#### Task to carry out:
From the material below, retype exactly the lines that begin at the line with "3000lm Powerful LED" and end after the line with "NOTSONORMAL Destroyed Jeans"; pictures stay out of the copy.

#### Dataset content:
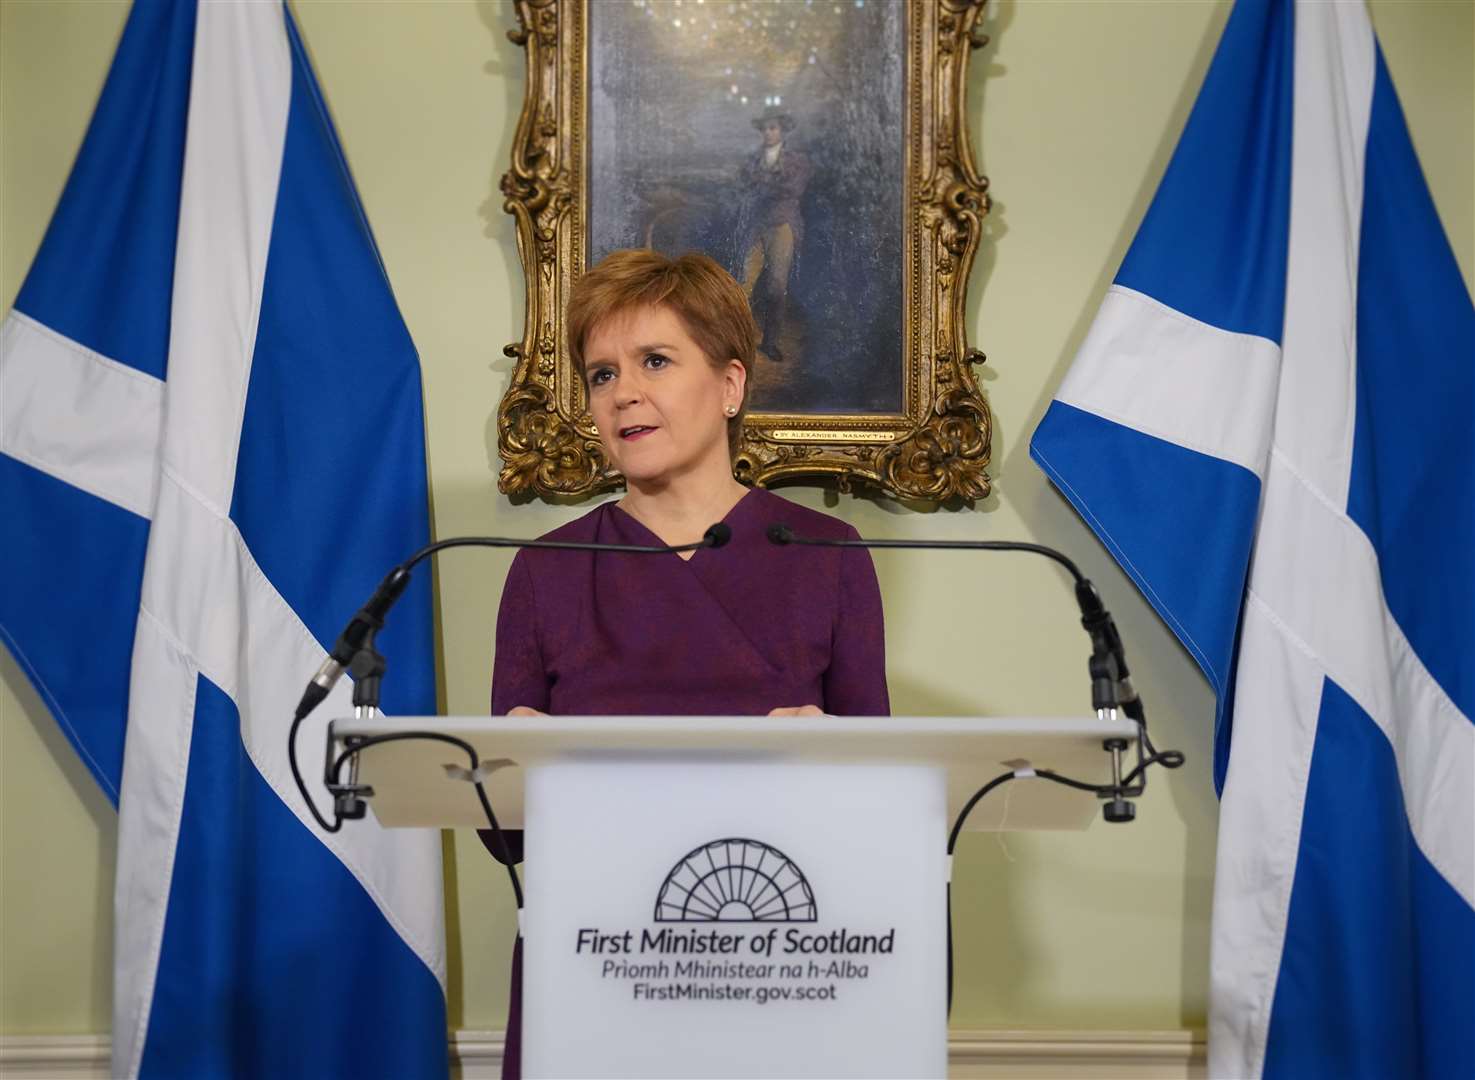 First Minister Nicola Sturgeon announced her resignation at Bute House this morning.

---

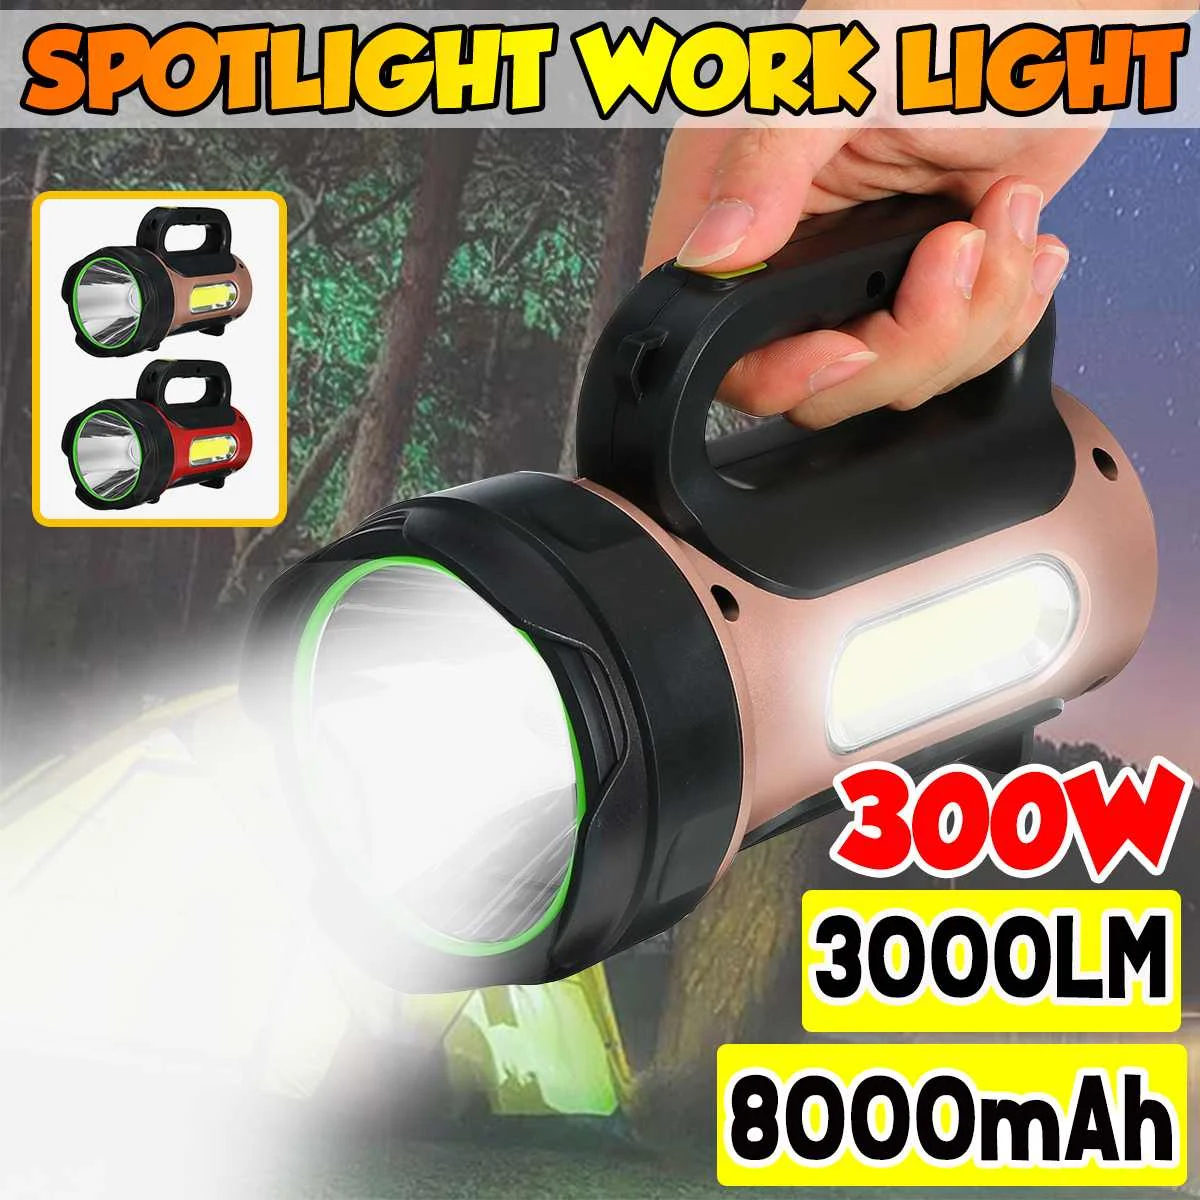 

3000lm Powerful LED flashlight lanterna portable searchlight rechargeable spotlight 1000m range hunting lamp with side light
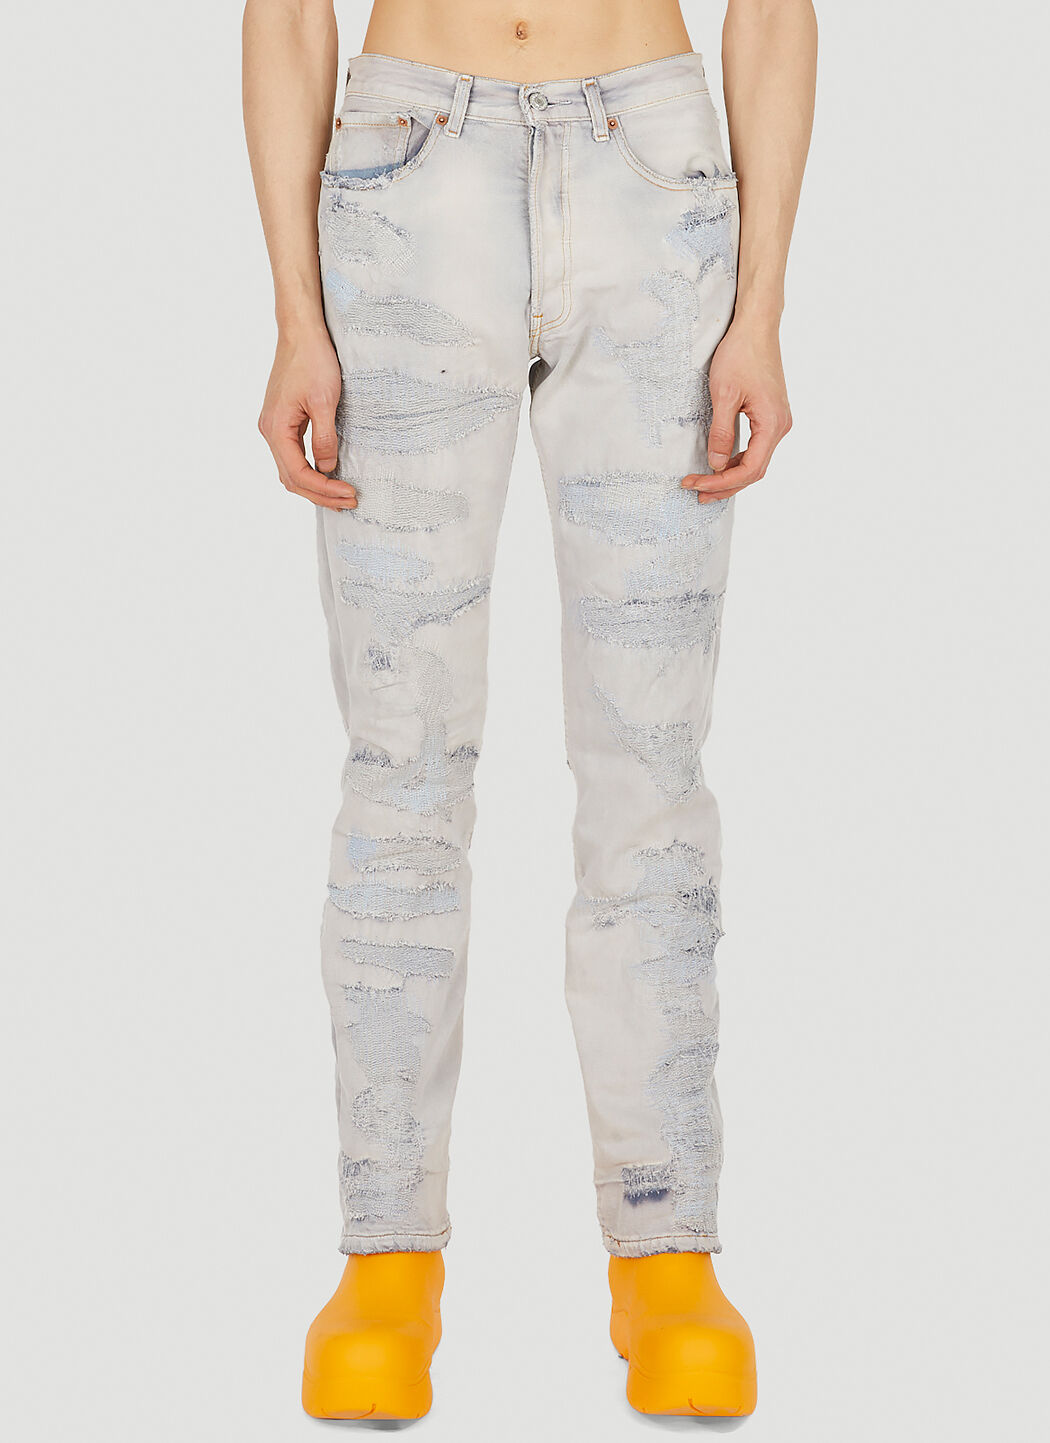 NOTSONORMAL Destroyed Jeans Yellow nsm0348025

#### Solution for this task:
3000lm Powerful LED flashlight lanterna portable searchlight rechargeable spotlight 1000m range hunting lamp with side light
 NOTSONORMAL Destroyed Jeans Yellow nsm0348025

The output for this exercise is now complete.